▶ Exercise prompt
Exactly reproduce the lines from the one containing "Scrapbookers, this is" through the last line of the data, both ends included, leaving out pictures.

▶ Dataset section
Start of Block
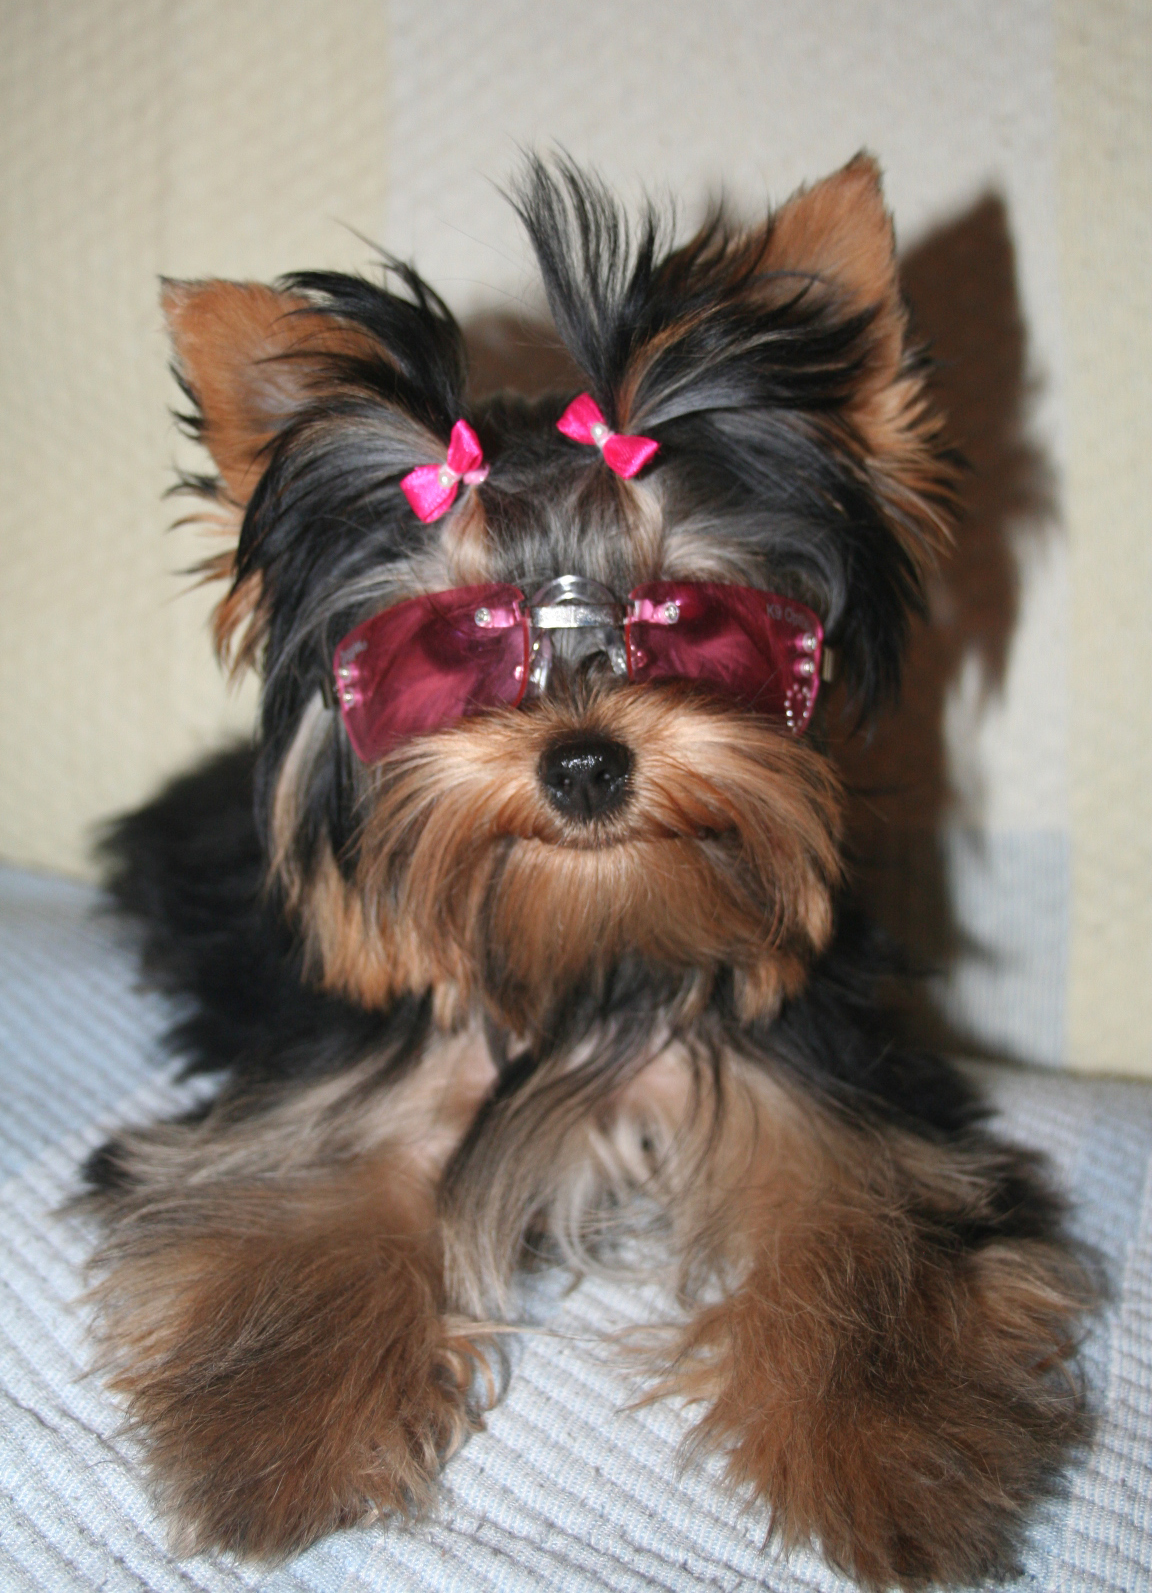 All List Of Different Dogs Breeds: Yorkie Dogs - Small Dog ...
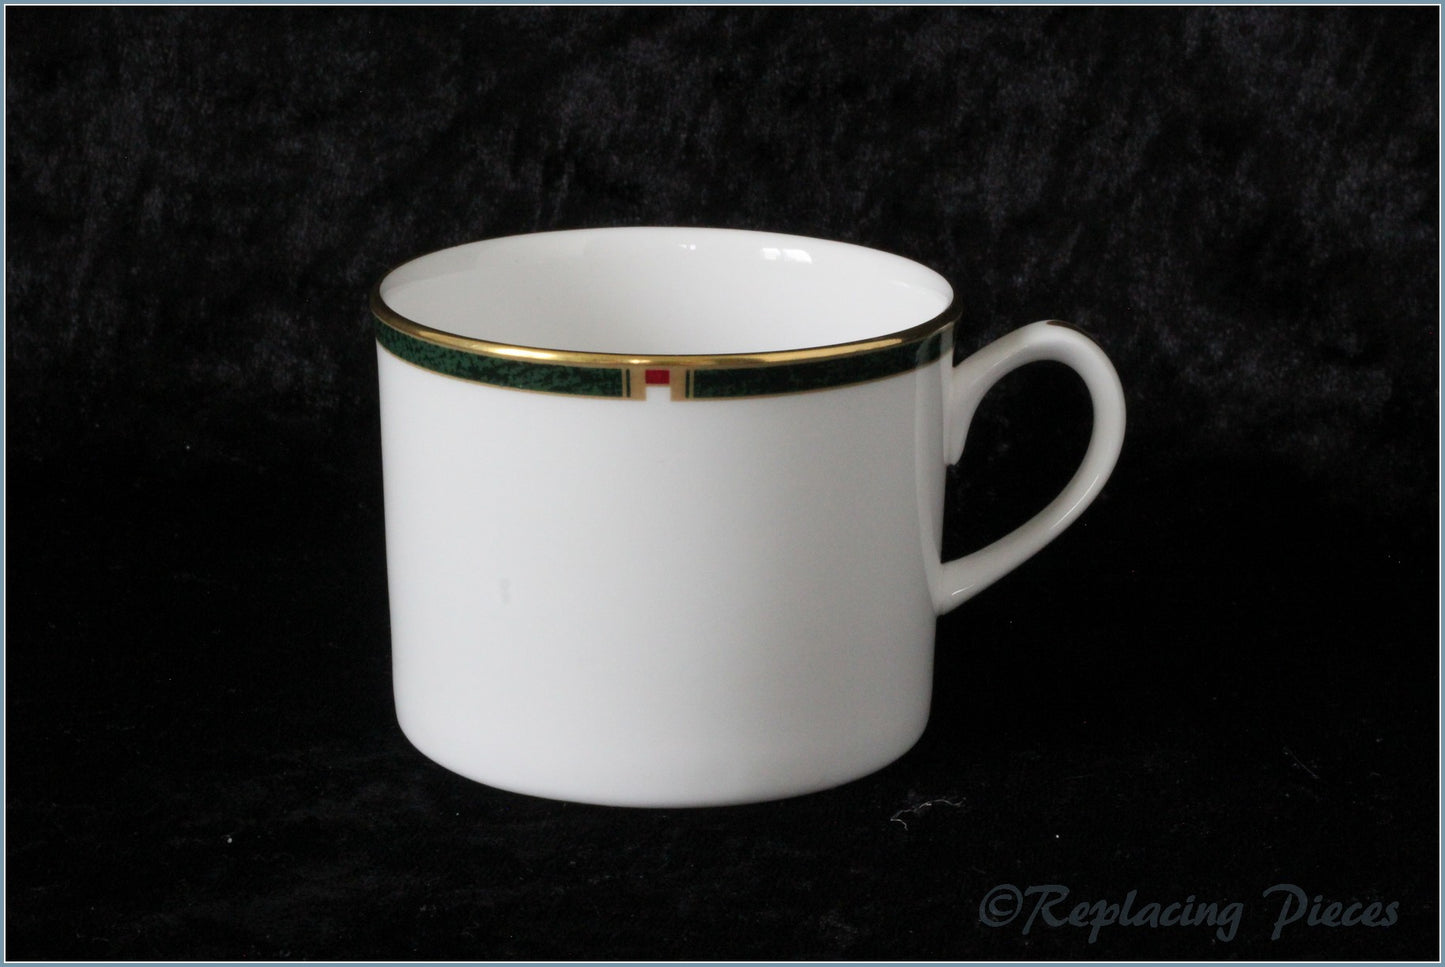 Royal Worcester - Carina (Green) - Teacup (Straight Sided)
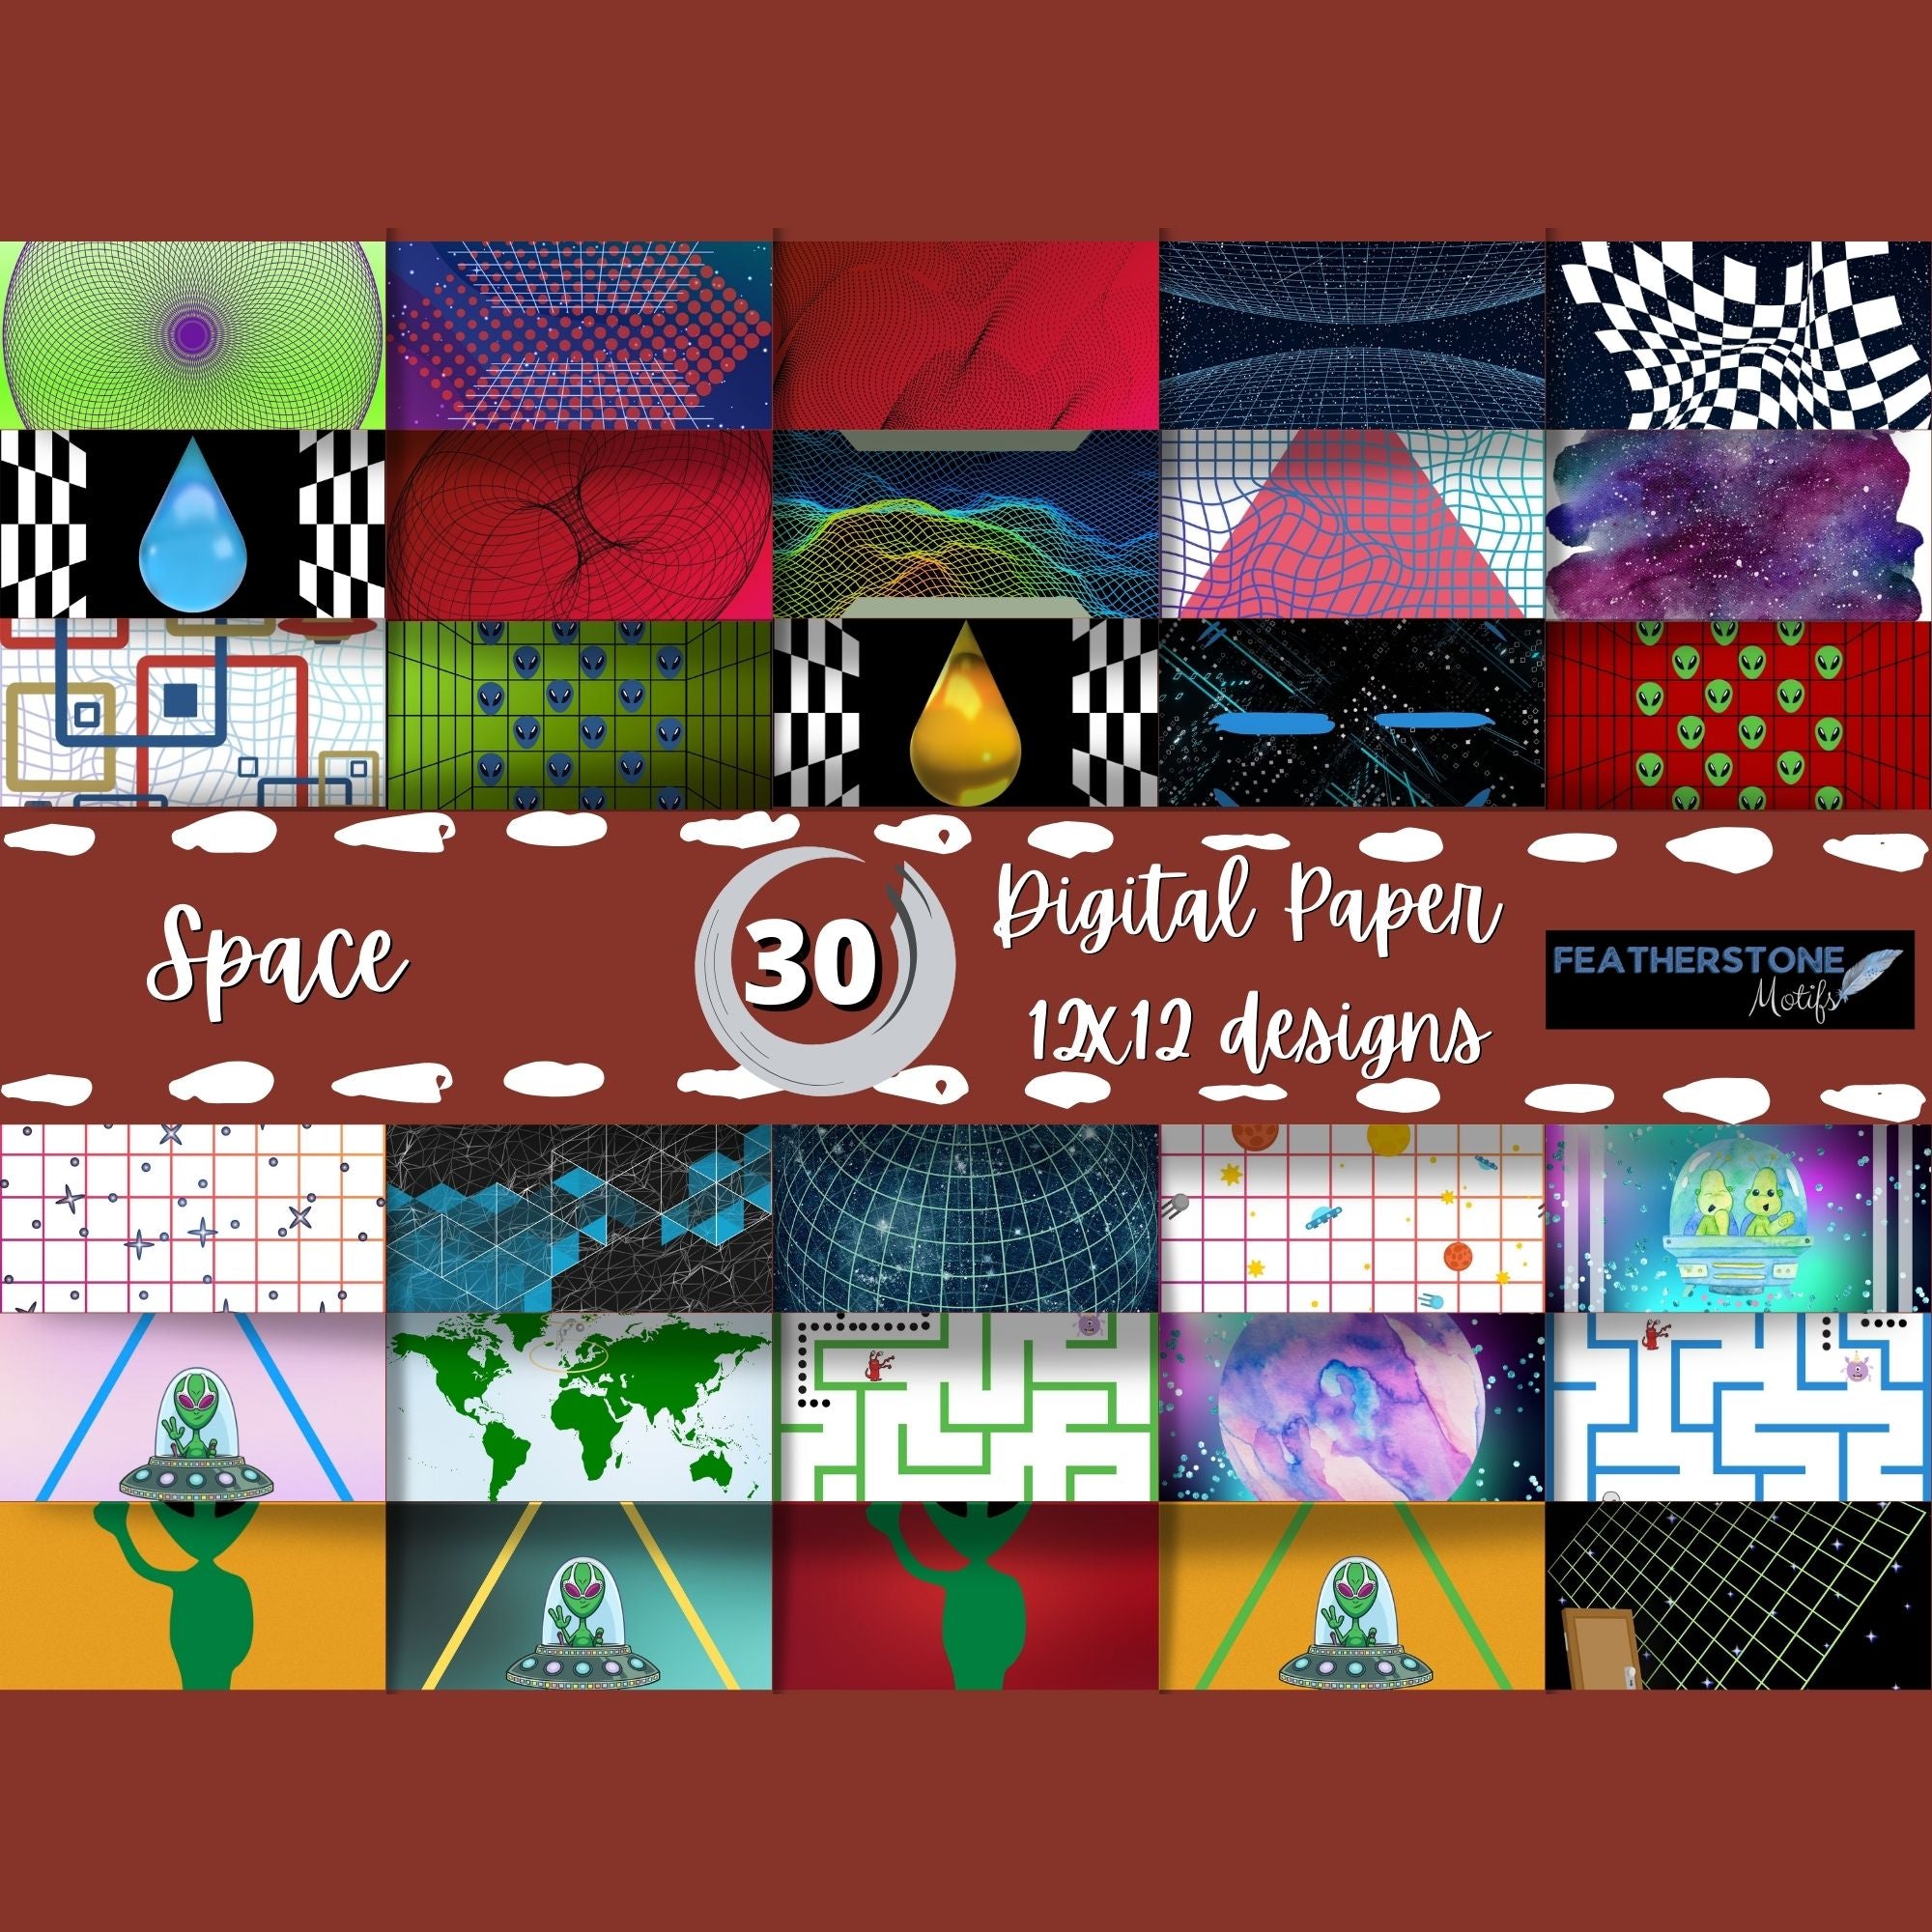 Scrapbookers, this is what you've been looking for! This space and alien themed bundle has 30 unique images that can be printed or used as digital backgrounds.
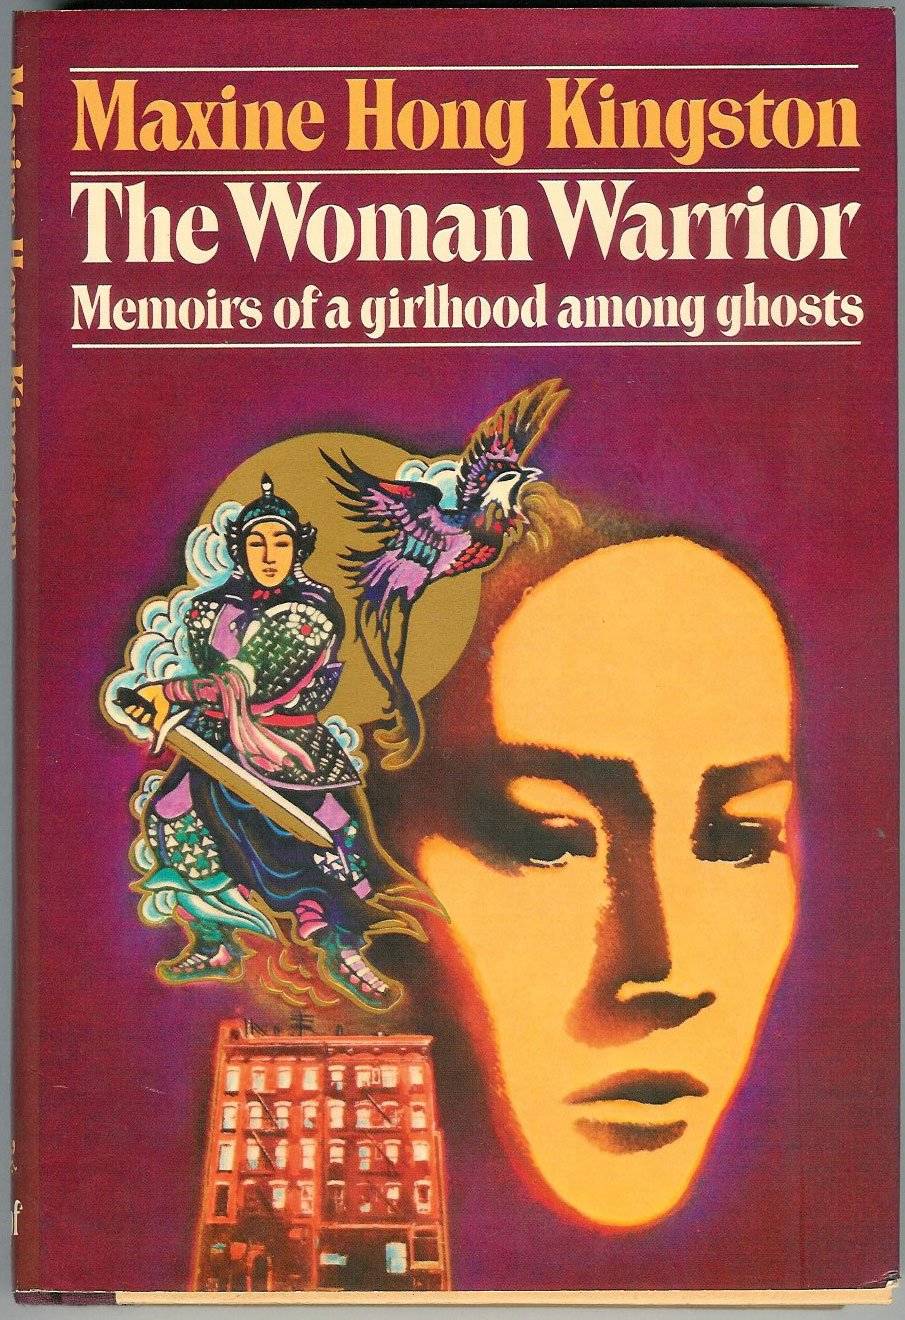 Burgundy "Woman Warrier" book cover featuring a collage of images such as woman's face, a warrior, and a building.
End of Block
▶ Solution to the problem
 Scrapbookers, this is what you've been looking for! This space and alien themed bundle has 30 unique images that can be printed or used as digital backgrounds.
 Burgundy "Woman Warrier" book cover featuring a collage of images such as woman's face, a warrior, and a building.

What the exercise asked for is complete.